Aegis-AI-Content-Safety-LlamaGuard-Defensive-1.0
Property | Value |
---|---|
Base Model | Llama2-7B |
License | Llama 2 Community License Agreement |
Paper | Aegis Content Moderation (arXiv:2404.05993) |
Author | NVIDIA (Shaona Ghosh) |
What is Aegis-AI-Content-Safety-LlamaGuard-Defensive-1.0?
This is NVIDIA's advanced content safety model built on Llama Guard, specifically designed to detect and classify potentially harmful content across 13 critical safety categories. Trained on the proprietary Aegis Content Safety Dataset containing 11,000 annotated prompts, it serves as a robust defensive layer for AI systems.
Implementation Details
The model utilizes parameter-efficient instruction tuning on Llama2-7B, implementing PEFT (Parameter-Efficient Fine-Tuning) techniques.
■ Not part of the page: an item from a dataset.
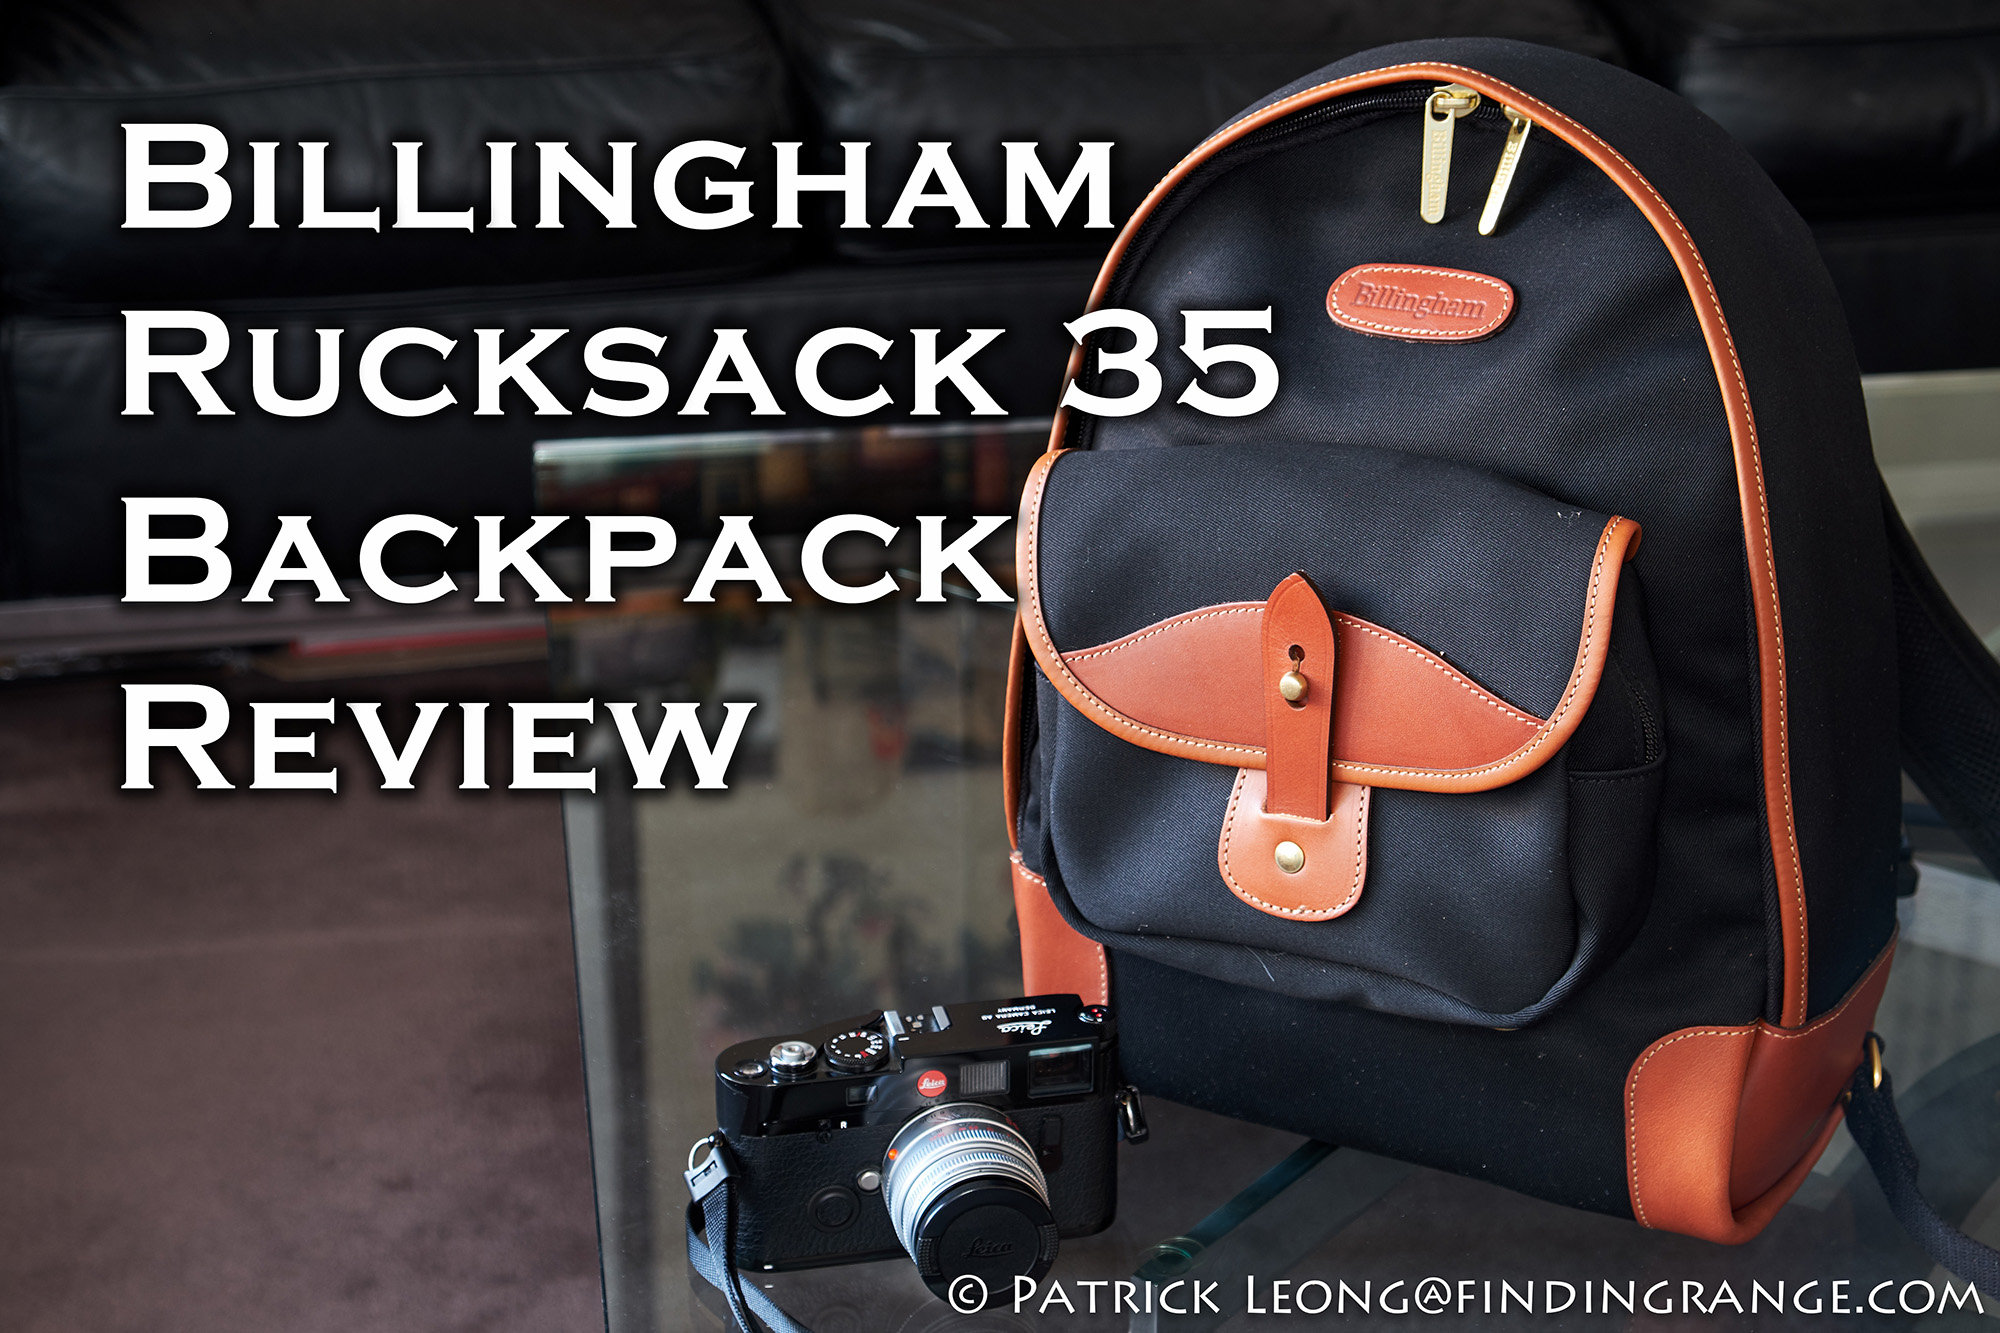 Billingham Rucksack 35 Backpack Review

It's trained using FSDP (Fully Sharded Data Parallel) with fp16 precision, achieving state-of-the-art performance metrics including 0.941 AUPRC on the Aegis test set.
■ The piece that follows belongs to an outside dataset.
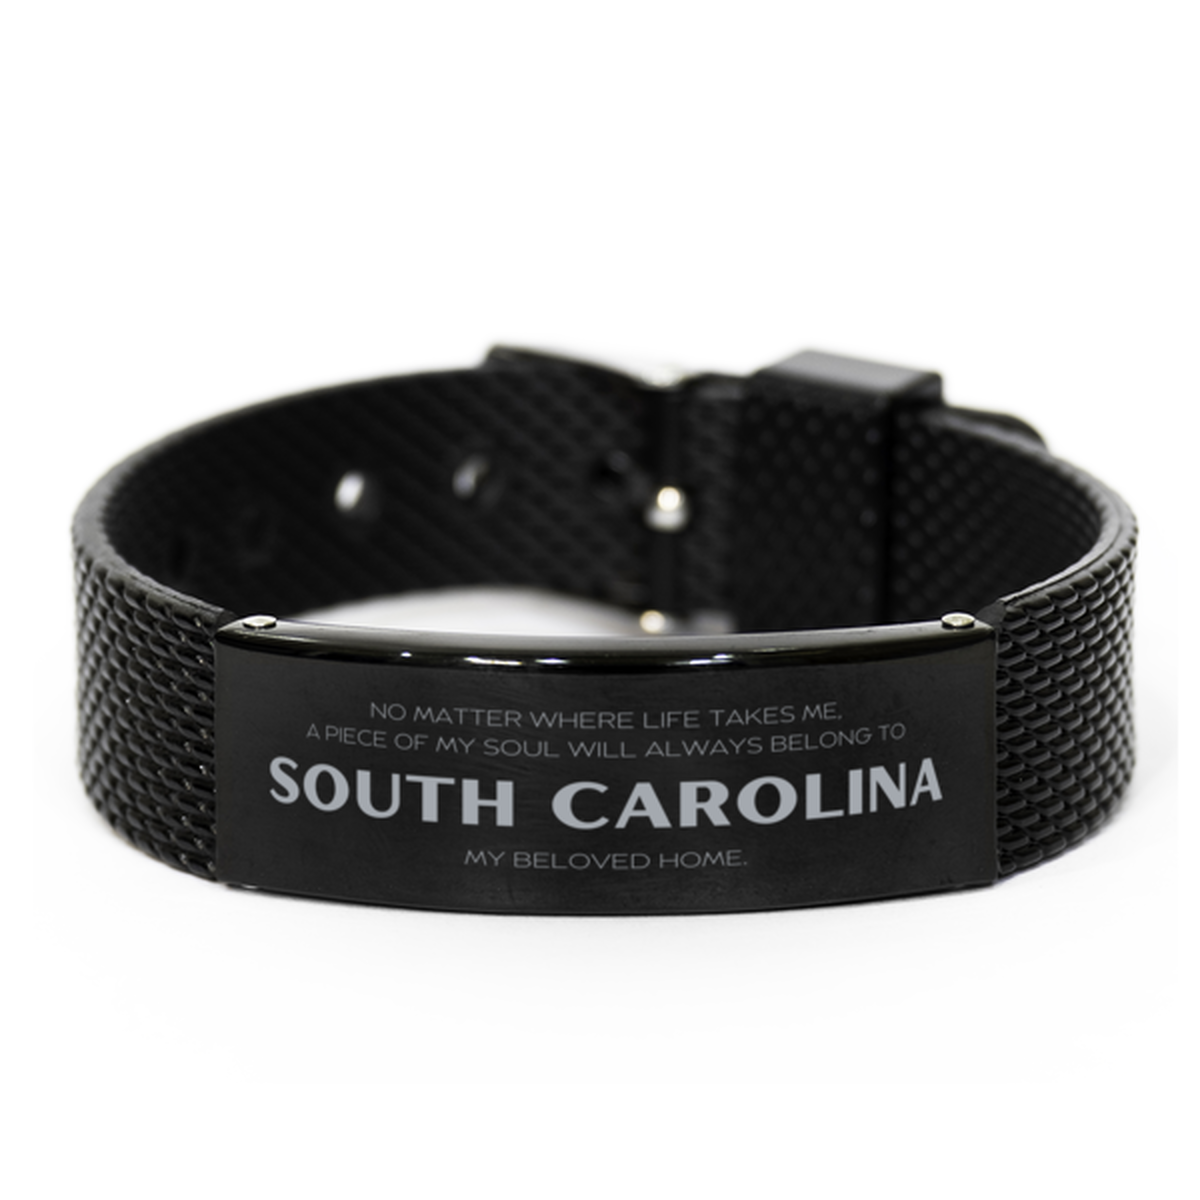 Love South Carolina State Gifts, My soul will always belong to South Carolina, Proud Black Shark Mesh Bracelet, Birthday Unique Gifts For South Carolina Men, Women, Friends

- Trained on 8 GPUs per node with rank 16 and alpha 32
- Uses advanced prompt classification architecture
- Implements comprehensive safety taxonomy covering violence, harassment, hate speech, and more
Core Capabilities
- Real-time content safety assessment
- Classification across 13 distinct safety categories
- Support for custom safety policies and taxonomies
- High accuracy in detecting harmful content (100% accuracy on Simple Safety Tests)
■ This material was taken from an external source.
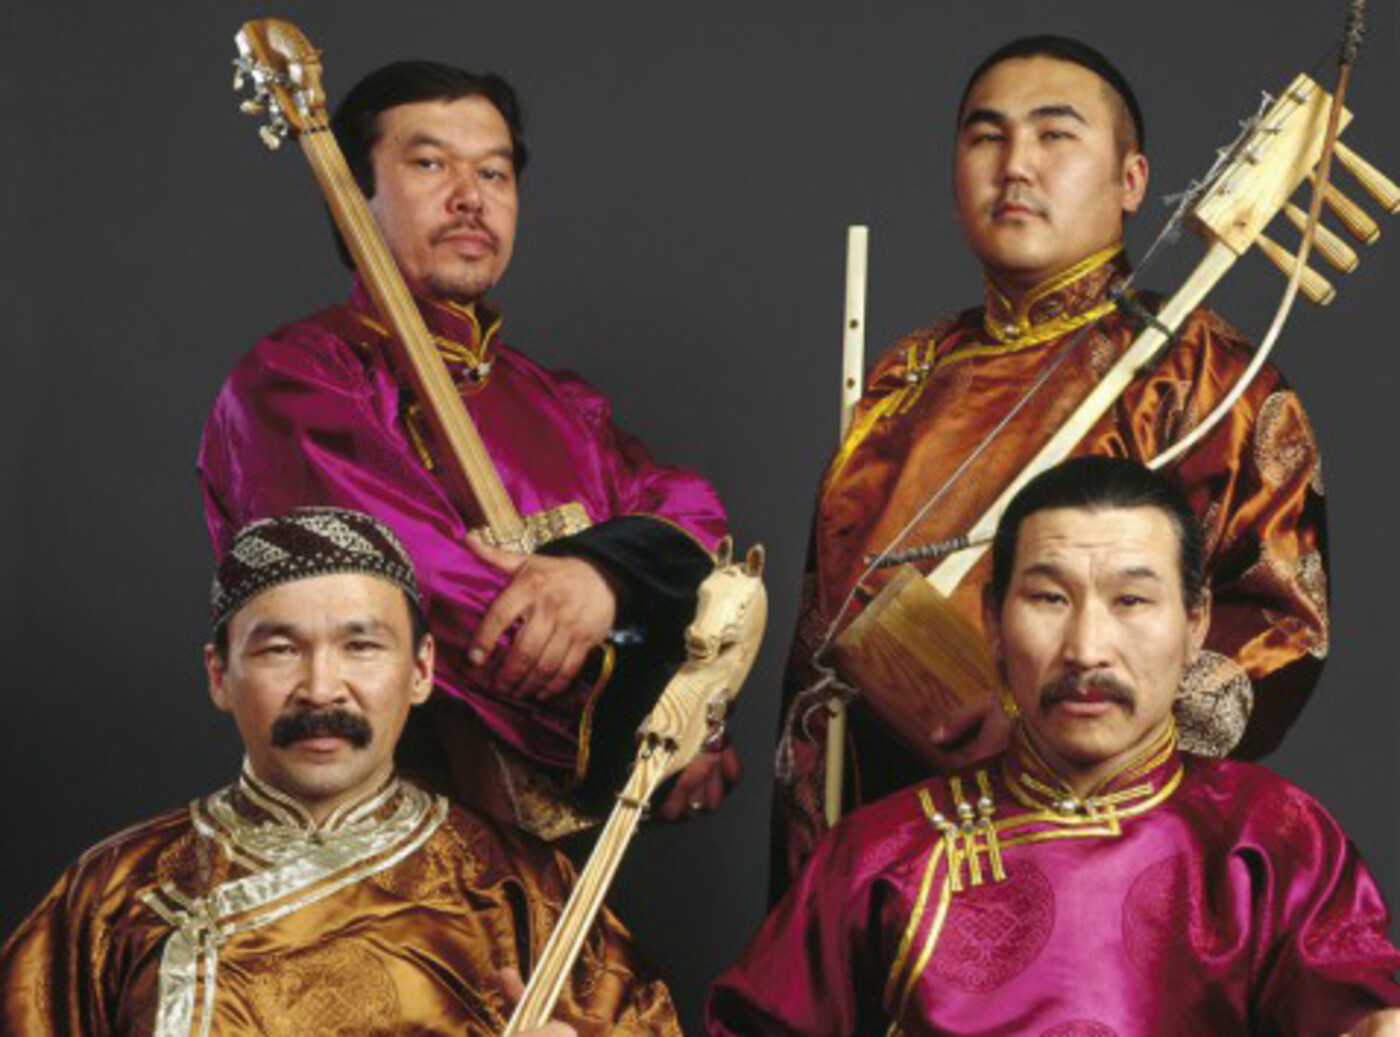 Huun-Huur-Tu & Kronos Quartet - keelzang en strijkers

Frequently Asked Questions
Q: What makes this model unique?
The model combines NVIDIA's extensive safety taxonomy with parameter-efficient tuning of Llama Guard, achieving superior performance across multiple benchmarks including Toxic Chat Dataset and OpenAI Moderation Dataset.
Q: What are the recommended use cases?
Primary applications include safeguarding general-purpose LLM content, evaluating pre-training data toxicity, and implementing custom content moderation policies. It's particularly effective for organizations requiring robust content safety measures.